By contrast, a modest amount of noise in the form of fluctuations aligned to the nonlinear manifold, which is naturally interpreted as arriving in the velocity input to the circuit, has a much stronger effect^{40;41}. Noise on the same order of magnitude as the velocity strengths required to produce HD-matched changes in represented angle in a model (standard deviation of 8.5 *rad/s*^{1/2}, with temporal correlations of 20 ms or less; compare waking in Fig. S4), is sufficient to account for the measured diffusion, Fig. 4c. Noise aligned to the manifold additionally tends not to distort the activity states, and thus more purely moves the states along the manifold with at most small off-manifold effects, as apparently seen in the REM data. In sum, with high probability, REM diffusivity is driven by a low-dimensional noise injected into the circuit through an input aligned to the manifold, and thus likely arriving through the velocity pathway, with a magnitude consistent with the size of waking velocity inputs into the circuit (property 5).

These results demonstrate that even in high-level cognitive circuits for memory and integration, as previously established for low-level sensory circuits and sensorimotor path-ways^{42–45}, input noise or sensory precision rather than internal noise is the limiting factor for information fidelity.

### Inputs during nREM sleep disrupt ring manifold

Hippocampal circuits replay patterns of waking activity during nREM sleep^{46–49}, and these events may play an important role in memory consolidation^{50}. However, the HD circuit seems to lack replays or even coherent temporal dynamics^{32;51}. On a more abstract level, nREM sleep is thought to disrupt the brain’s ability to maintain integrated representations^{52}, but it is unclear what this means at a more granular level, for specific integrated representations like HD. A manifold-based approach reveals when previous population-level structure is modified and helps to understand the nature of the modification.

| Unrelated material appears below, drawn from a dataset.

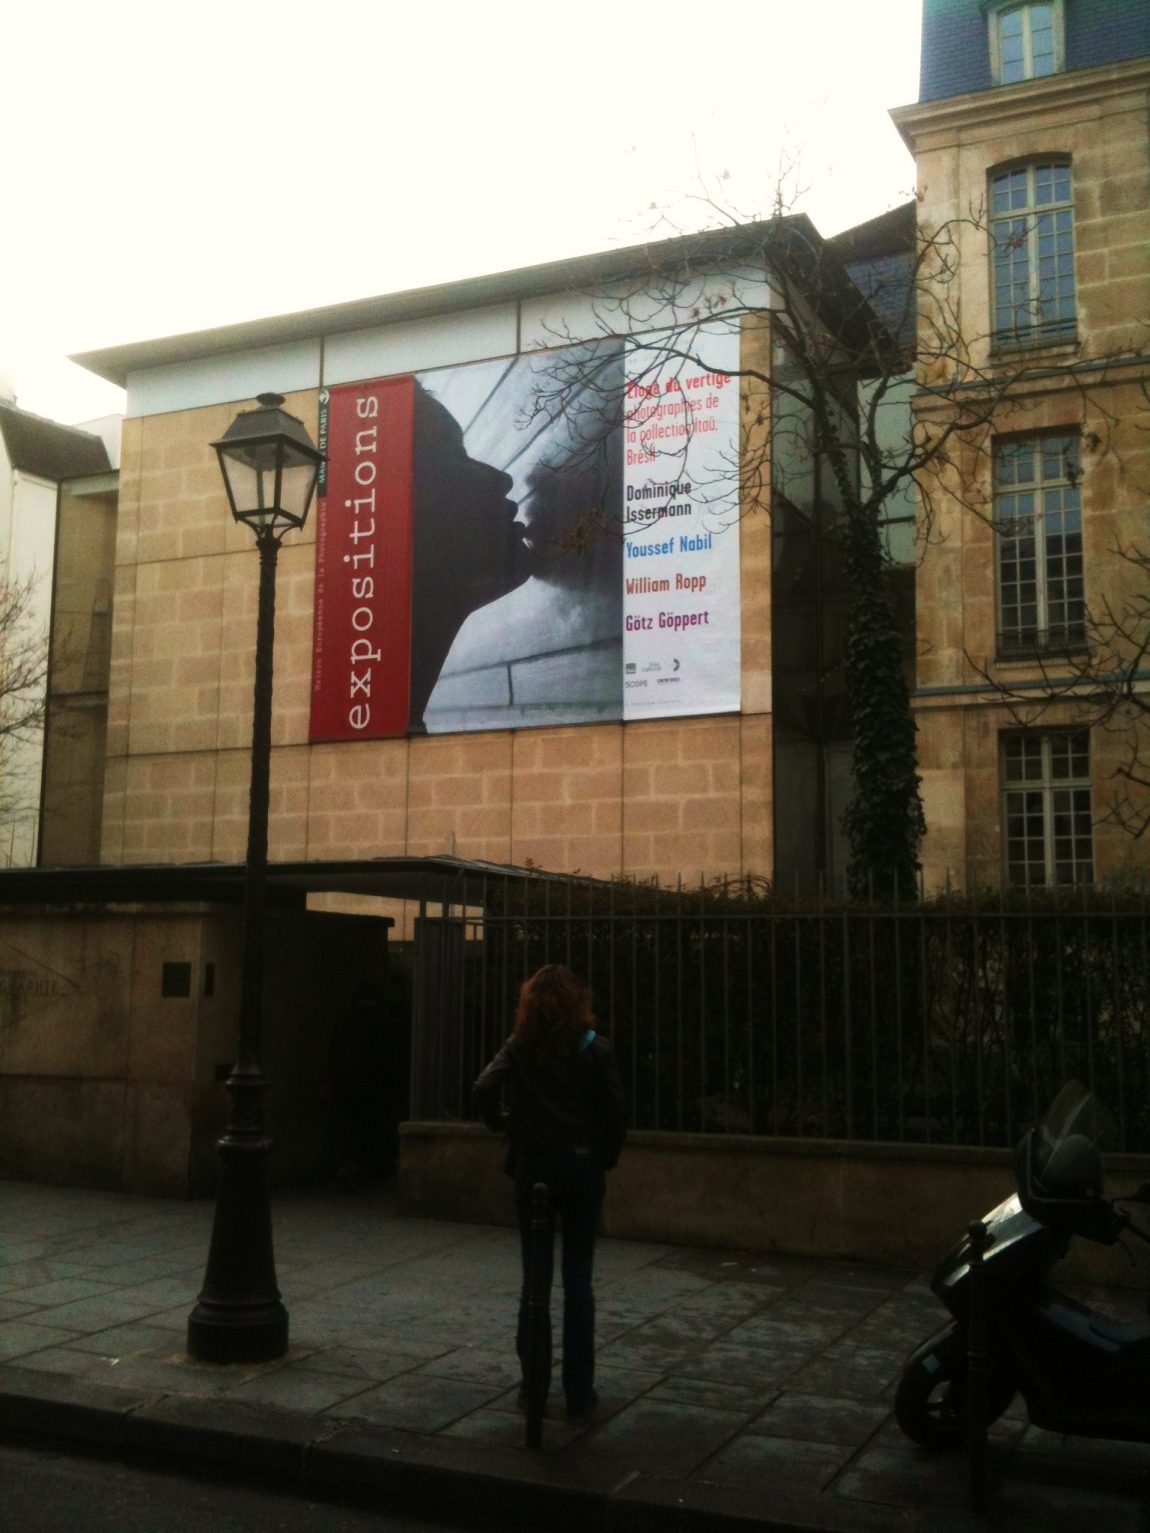 Maison Européenne de la Photographie Paris façade 2 2018010522 5a4ffeead538a
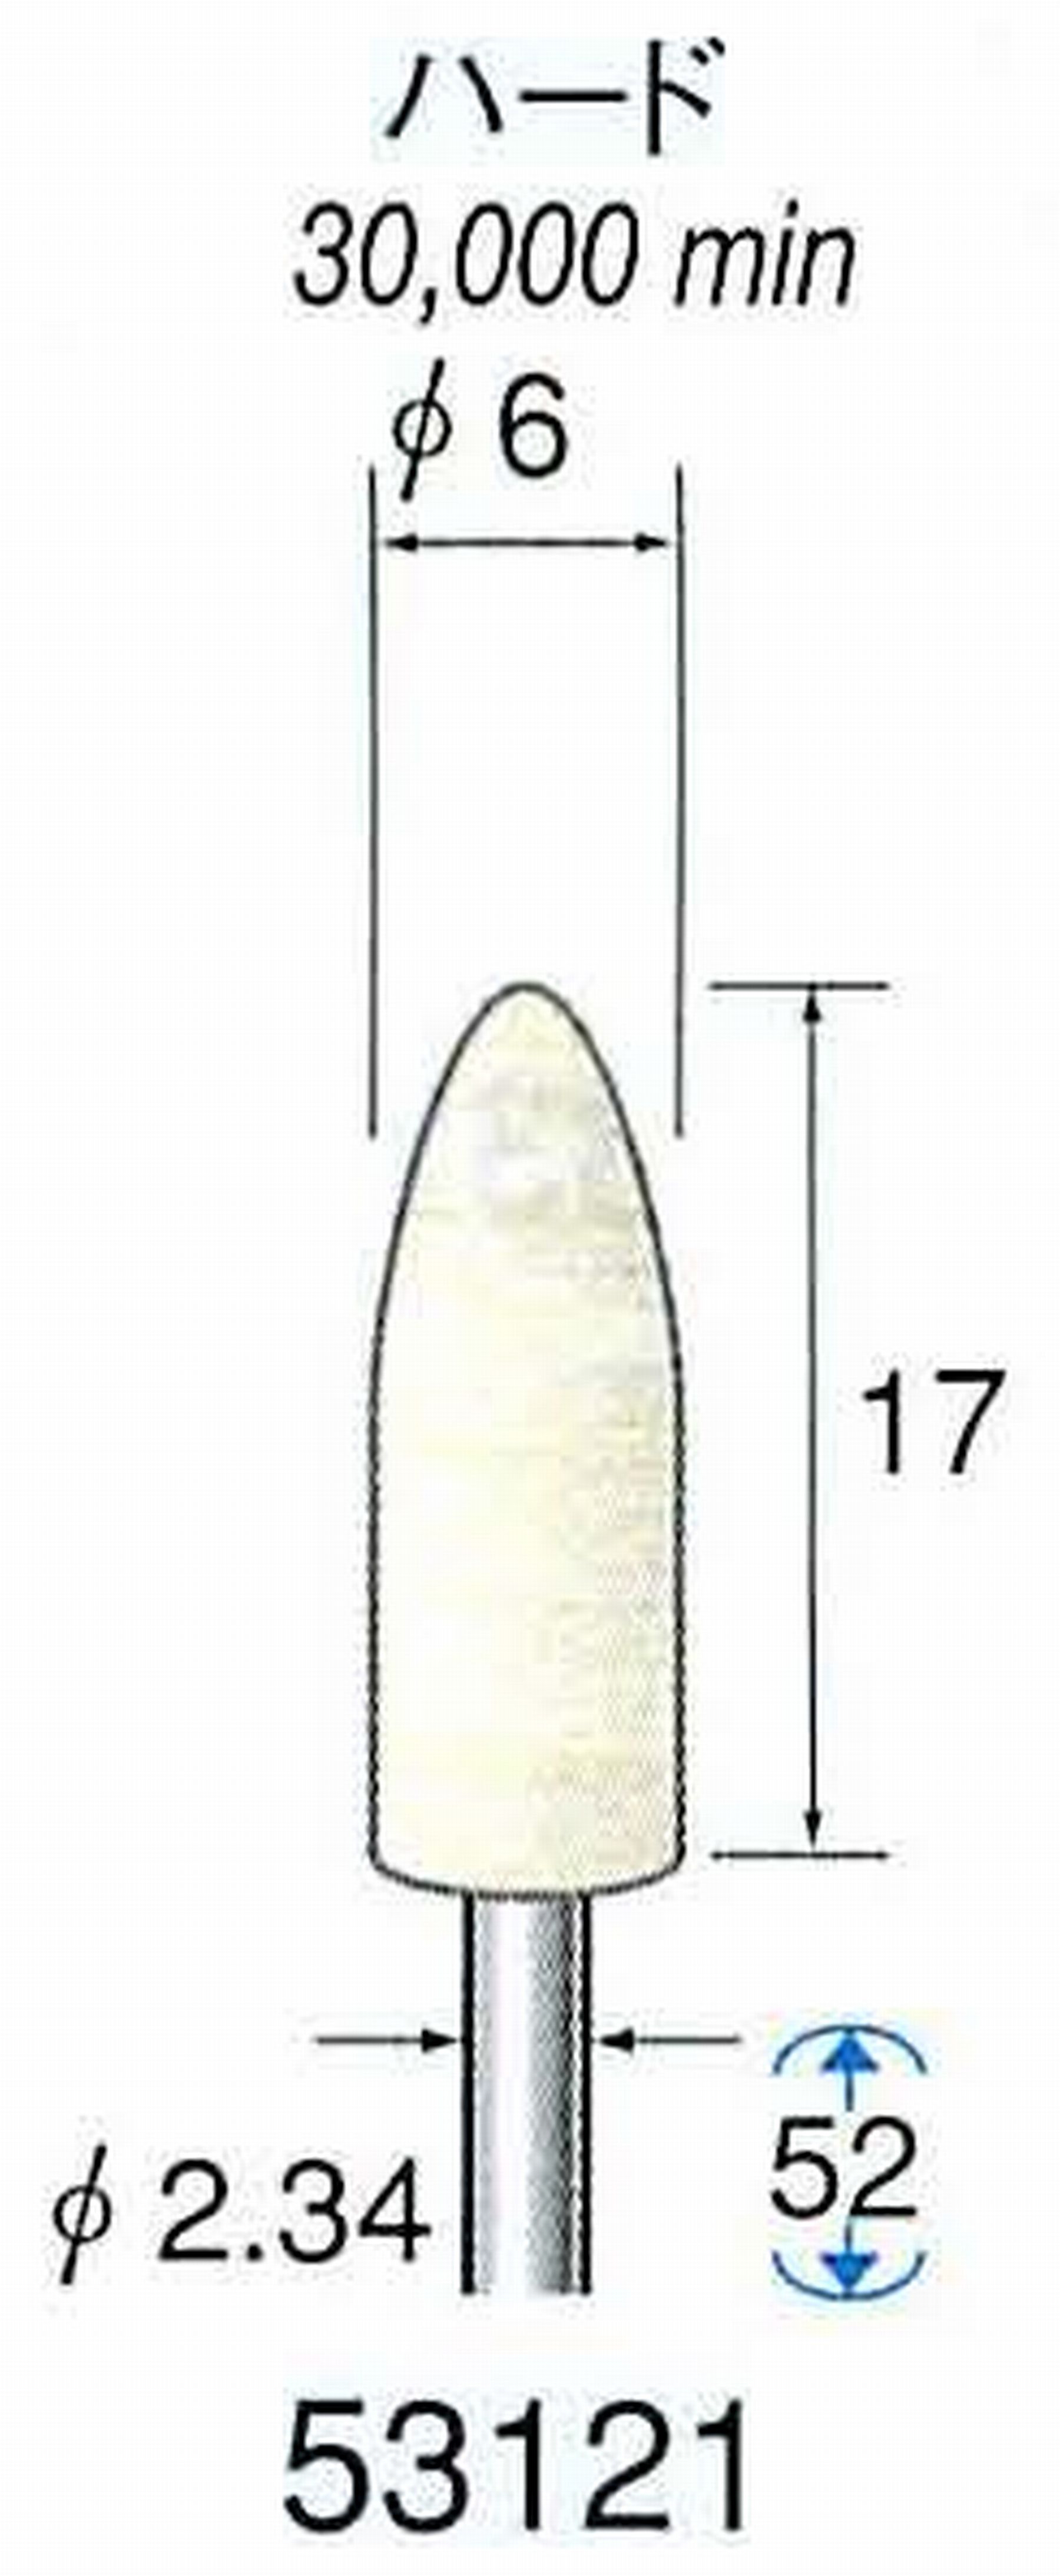 ナカニシ/NAKANISHI フェルトバフ ハード 軸径(シャンク)φ2.34mm 53121

In addition, if there is coherent dynamics in the restructured space, a manifold-based approach can help find it, even if the structure is not visible when states are projected into the old space.

The manifold in nREM does not preserve the ring structure of waking and REM states: it is higher-dimensional (persistent homology, contrast Fig. 4f with Fig. 2b, 3b; visualization, Fig. 4g and Supplementary Movie 5; also see correlation dimension estimates in Fig. S11), and only partially overlaps the waking/REM manifold (Fig. 4g).

The higher-dimensional nREM manifold encodes at least two latent variables. We decode an angle along the tangential (circular) dimension of the manifold using SPUD, and compare it with the outputs of two wake-trained supervised decoders that make different assumptions: a tuning-curve decoder and a population vector decoder (Fig. S12). The angles decoded by all three methods agree well (see Fig. S13 for another animal), except at low-activity states where the signal-to-noise ratio of the neural response is low.

A second latent variable obtained from the radial dimension of the manifold (based on distance to the manifold centroid) encodes the population firing rate, capturing slow, non-binary global rate fluctuations that characterize nREM sleep, Fig. 4h. Thus the nREM manifold is an amplitude-modulated version of the waking manifold^{53;54}, forming a 2D conical surface (Fig. 4g and Fig. S11, where the cone is clearer for other animals). The circular boundary of the cone reaches toward the Wake ring, and the tip of the cone extends to the zero-activity state. These responses are well-modeled by the same circuit as for waking and REM dynamics - strong recurrent connectivity that supports the formation of an activity ring with local bump tuning of neurons - but modified so that the external input projecting globally to all neurons undergoes large amplitude fluctuations (Fig. S14). Unlike during REM, where external inputs permit the maintenance of the waking ring while driving states diffusively around it, during nREM the external inputs pull the states off the ring. Mechanistically, the difference is likely due to the loss, during nREM, of a discrete attractor dynamics that holds fixed the amplitude of background inputs across the large physiological shifts that occur between waking and REM.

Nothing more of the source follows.